The below diagram illustrates the ETL process:
Table Sizes
In this example, the table's size at the source instance is:
- dSrcSampleCustomers: 10M records
Similarly, since the data will be imported from the source to the destination SQL Server instance, the table sizes on the destination SQL Server instance will be:
- dSampleCustomers (disk-based): 10M records
- mSampleCustomers (memory-optimized): 10M records
Moreover, on the destination SQL Server instance, there are another two tables which will host the results of the queries that will be executed against the previous two tables:
- dProcessResult (disk-based)
- mProcessResult (memory-optimized)
Sample Database
In this tip, I'm using an In-Memory OLTP-enabled sample database which I created
and named "IMOLTPSampleDB".
Linked Server
The below screenshot shows the linked server used in this tip:
Disk-Based Table Definitions
-- --Disk-Based Tables -- USE [IMOLTPSampleDB] GO --Disk-Based Table - Data CREATE TABLE [dbo].[dSampleCustomers]( [cusID] [INT] NOT NULL PRIMARY KEY, [firstName] [VARCHAR](100) NOT NULL, [lastName] [VARCHAR](100) NOT NULL, [address1] [VARCHAR](200) NOT NULL, [address2] [VARCHAR](200) NULL, [countryCode] [CHAR](3) NOT NULL, [regDate] [DATE] NOT NULL, [discount] [FLOAT] NULL ); GO --Disk-Based Table - Process Result CREATE TABLE [dbo].[dProcessResult] ( [cusID] [INT] NOT NULL PRIMARY KEY, [firstName] [VARCHAR](100), [lastName] [VARCHAR](100), [address1] [VARCHAR](200), [address2] [VARCHAR](200), [countryCode] [CHAR](3), [regDate] [DATE] NOT NULL, [discount] [FLOAT] NULL ); GO
Memory-Optimized Table Definitions
-- --Memory-Optimized Tables -- USE [IMOLTPSampleDB] GO --Memory-Optimized Table - Data CREATE TABLE [dbo].[mSampleCustomers] ( [cusID] [INT] NOT NULL PRIMARY KEY NONCLUSTERED HASH WITH ( BUCKET_COUNT = 10000000), [firstName] [VARCHAR](100) NOT NULL, [lastName] [VARCHAR](100) NOT NULL, [address1] [VARCHAR](200) NOT NULL, [address2] [VARCHAR](200) NULL, [countryCode] [CHAR](3) NOT NULL, [regDate] [DATE] NOT NULL, [discount] [FLOAT] NULL )WITH (MEMORY_OPTIMIZED = ON , DURABILITY = SCHEMA_AND_DATA); GO --Memory-Optimized Table - Process Result CREATE TABLE [dbo].[mProcessResult] ( [cusID] [INT] NOT NULL PRIMARY KEY NONCLUSTERED, [firstName] [VARCHAR](100), [lastName] [VARCHAR](100), [address1] [VARCHAR](200), [address2] [VARCHAR](200), [countryCode] [CHAR](3), [regDate] [DATE] NOT NULL, [discount] [FLOAT] NULL )WITH (MEMORY_OPTIMIZED = ON , DURABILITY = SCHEMA_AND_DATA); GO
As you can see above, in this tip's example, the memory-optimized tables are durable, that is why I have set DURABILITY = SCHEMA_AND_DATA.
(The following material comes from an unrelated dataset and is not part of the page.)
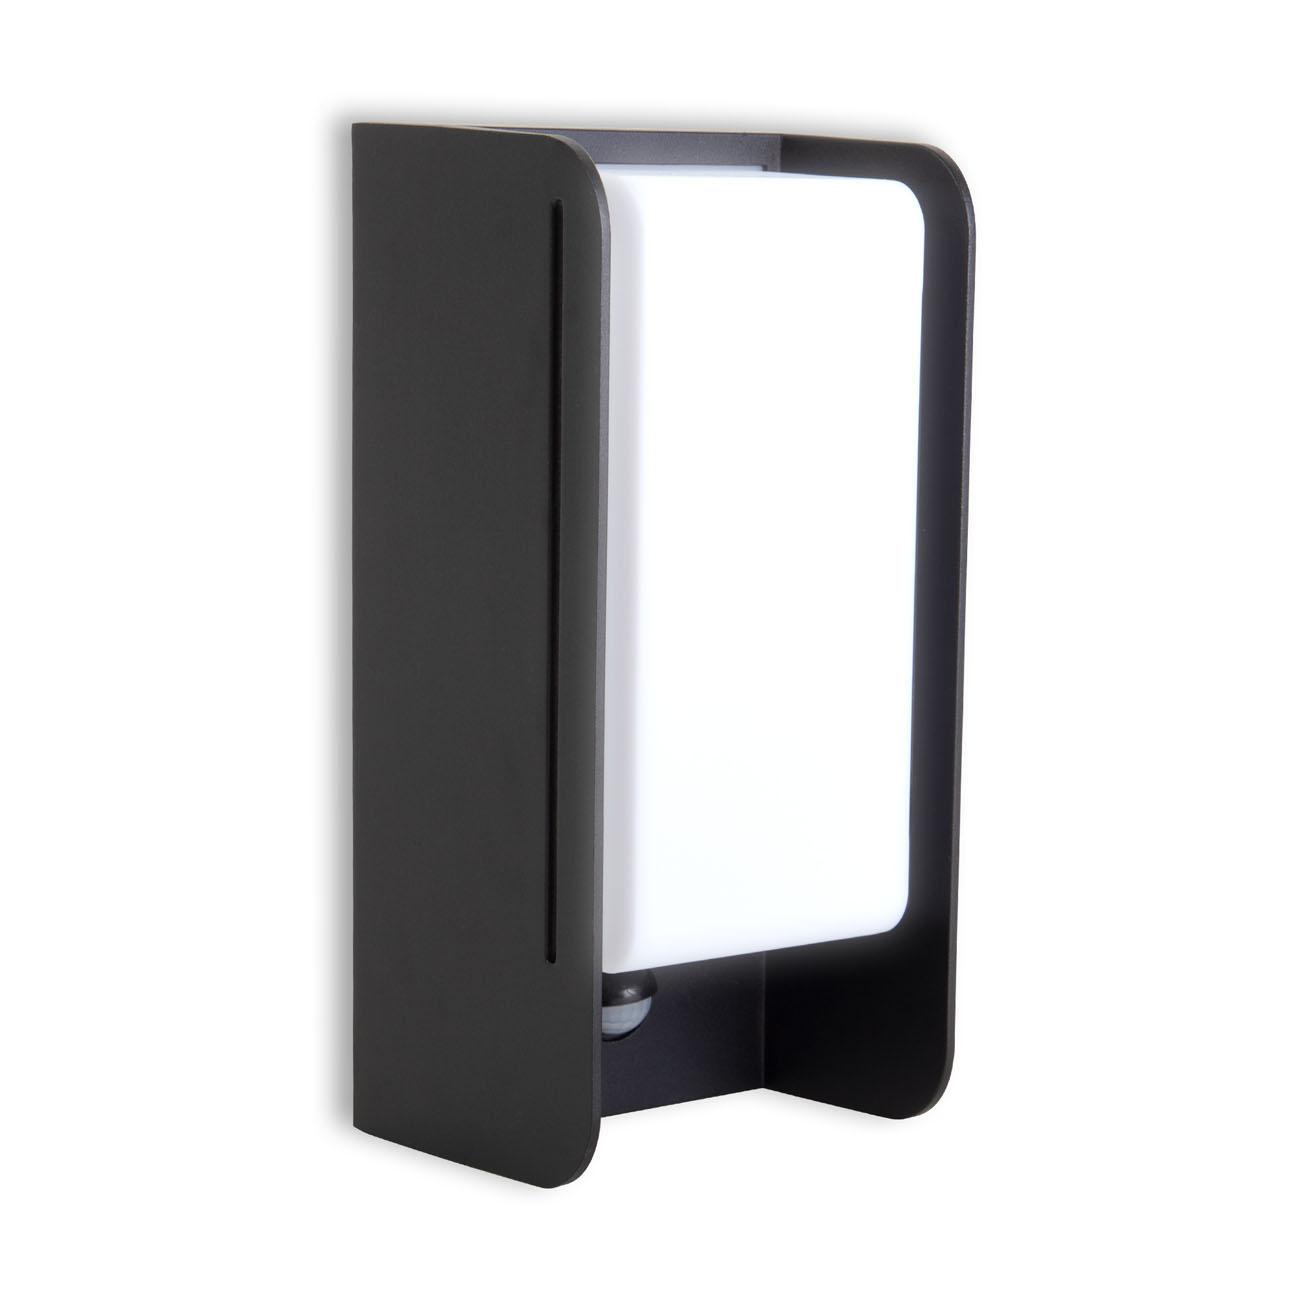 LED Außenleuchte Wandlampe mit Sensor E27
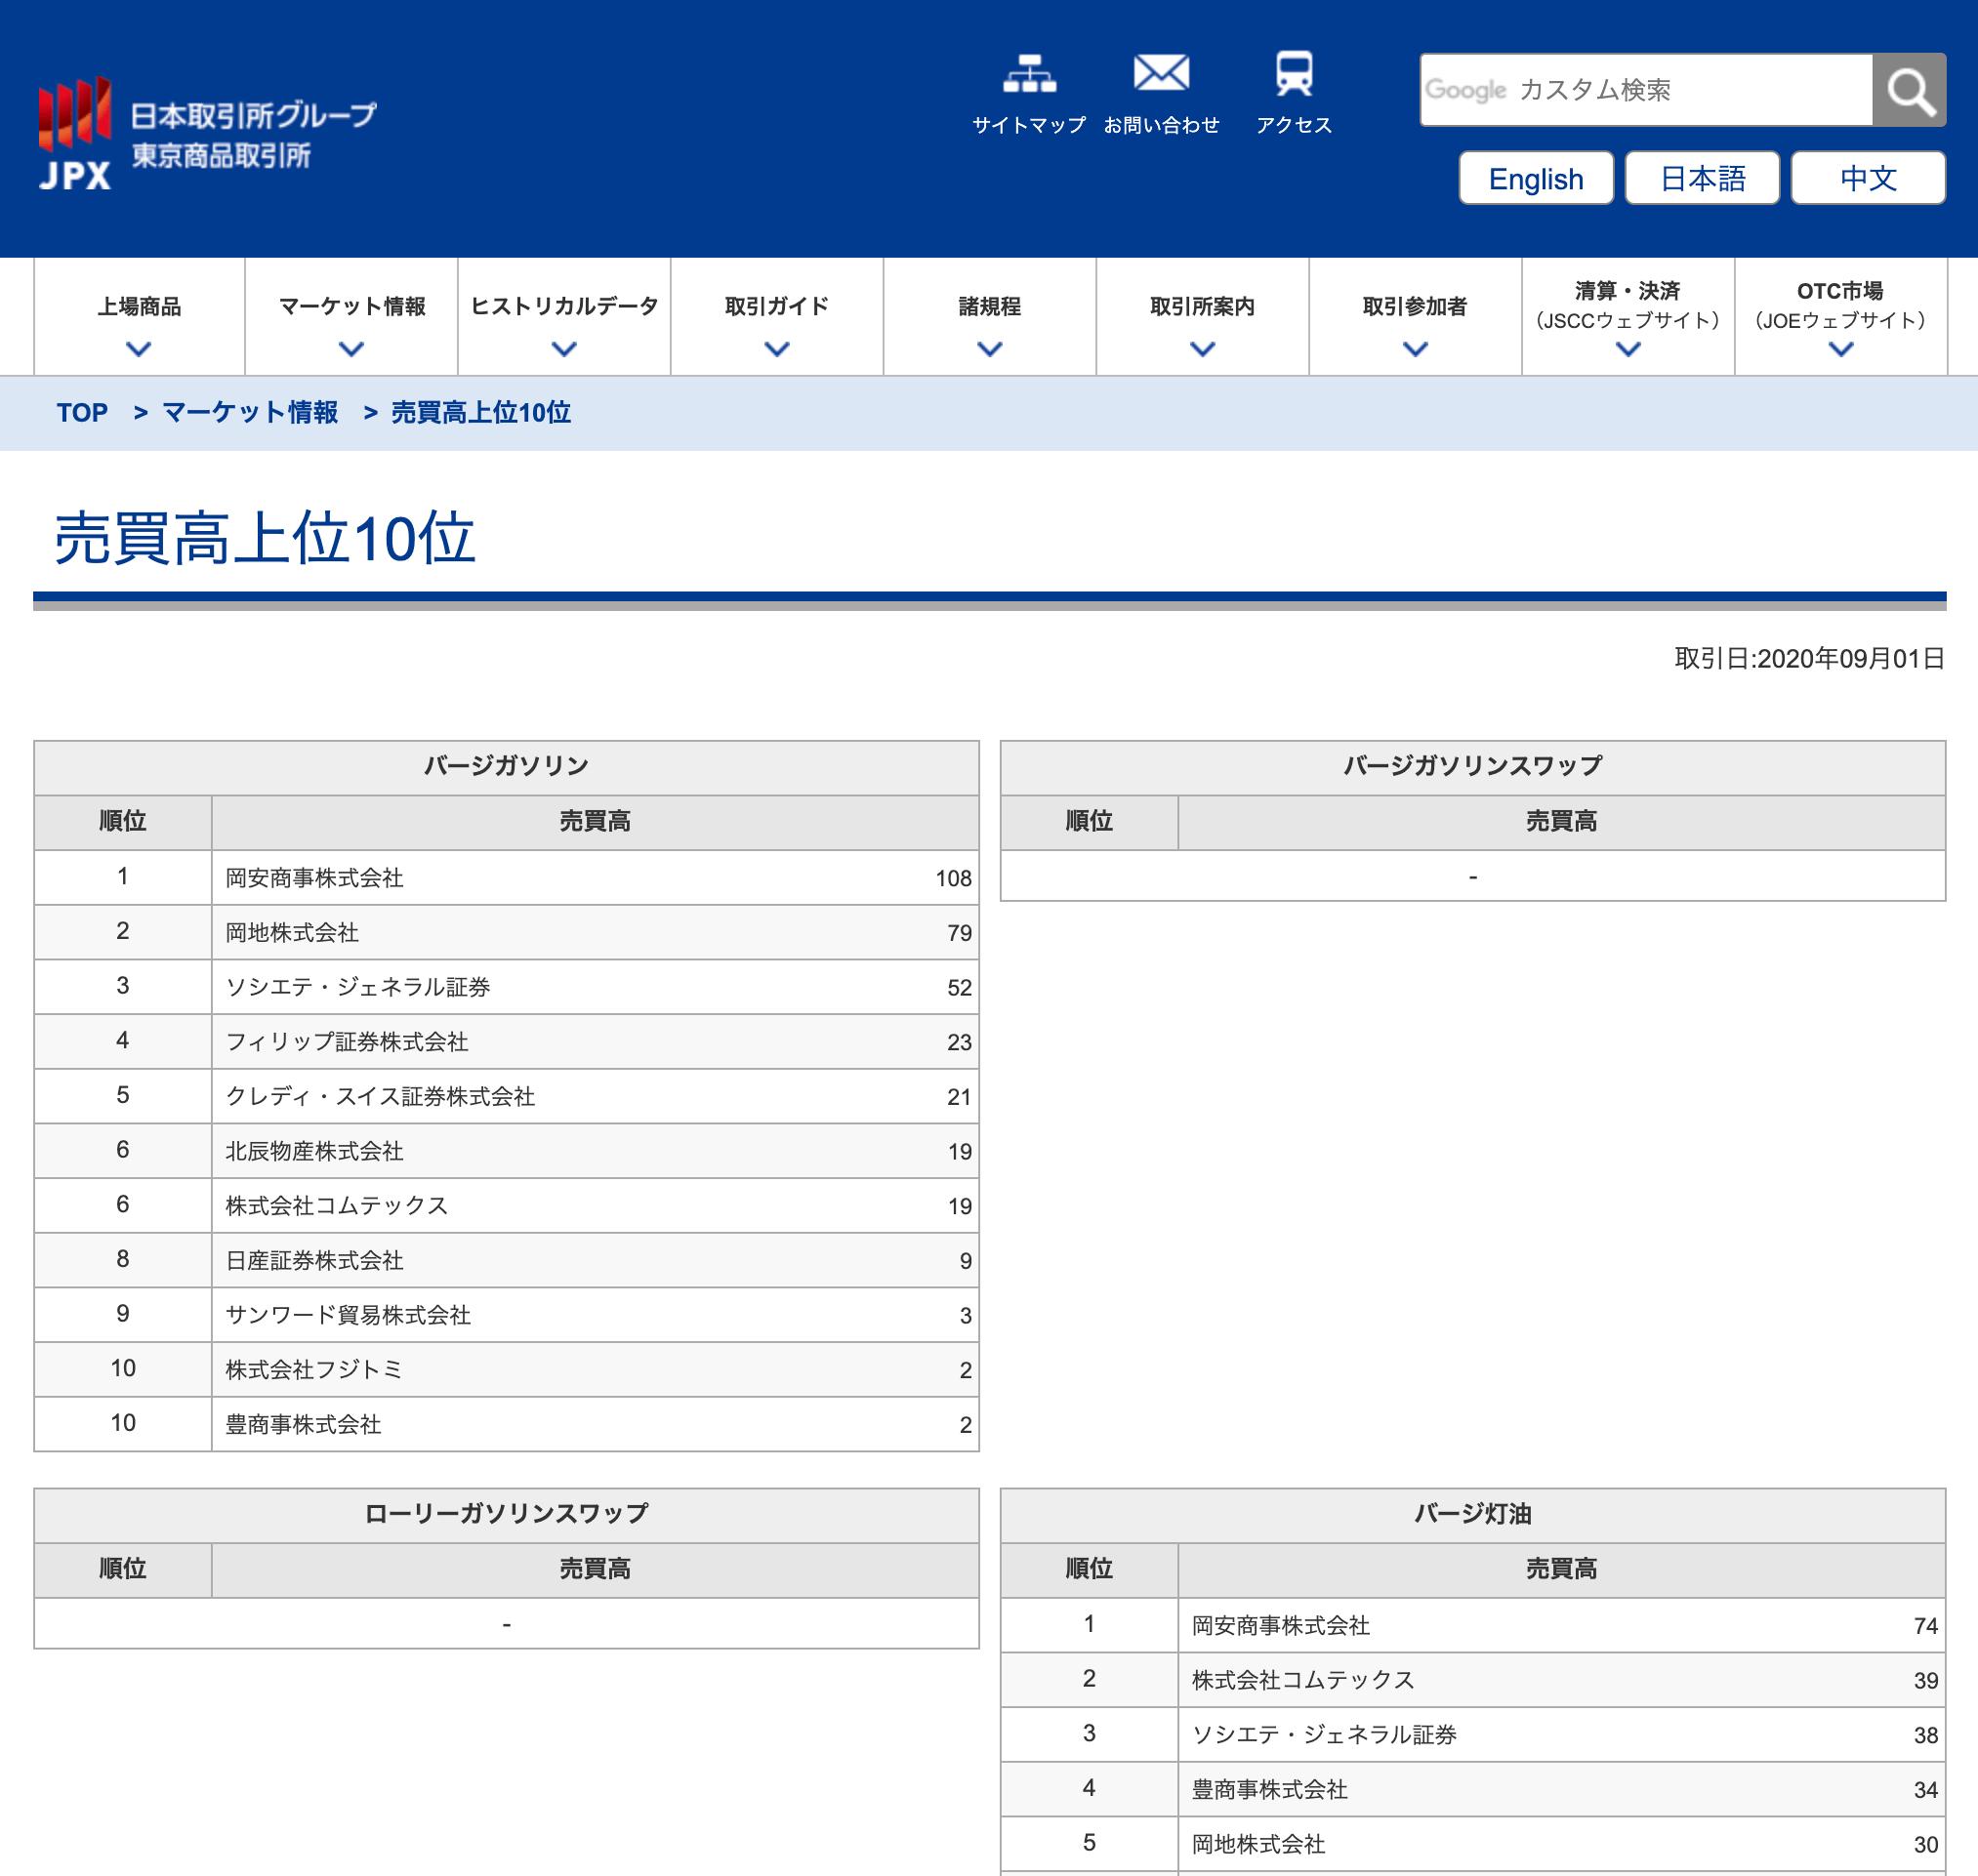 JPXグループTOCOM売買高上位10位

Note that besides the primary keys in each table, for this example, we are not investigating the behavior of the process when using different indexes as this not within the scope of this tip.
Below you can find the T-SQL script that fetches the data from the linked server into the disk-based and memory-optimized tables on the destination SQL Server instance and measures the execution times.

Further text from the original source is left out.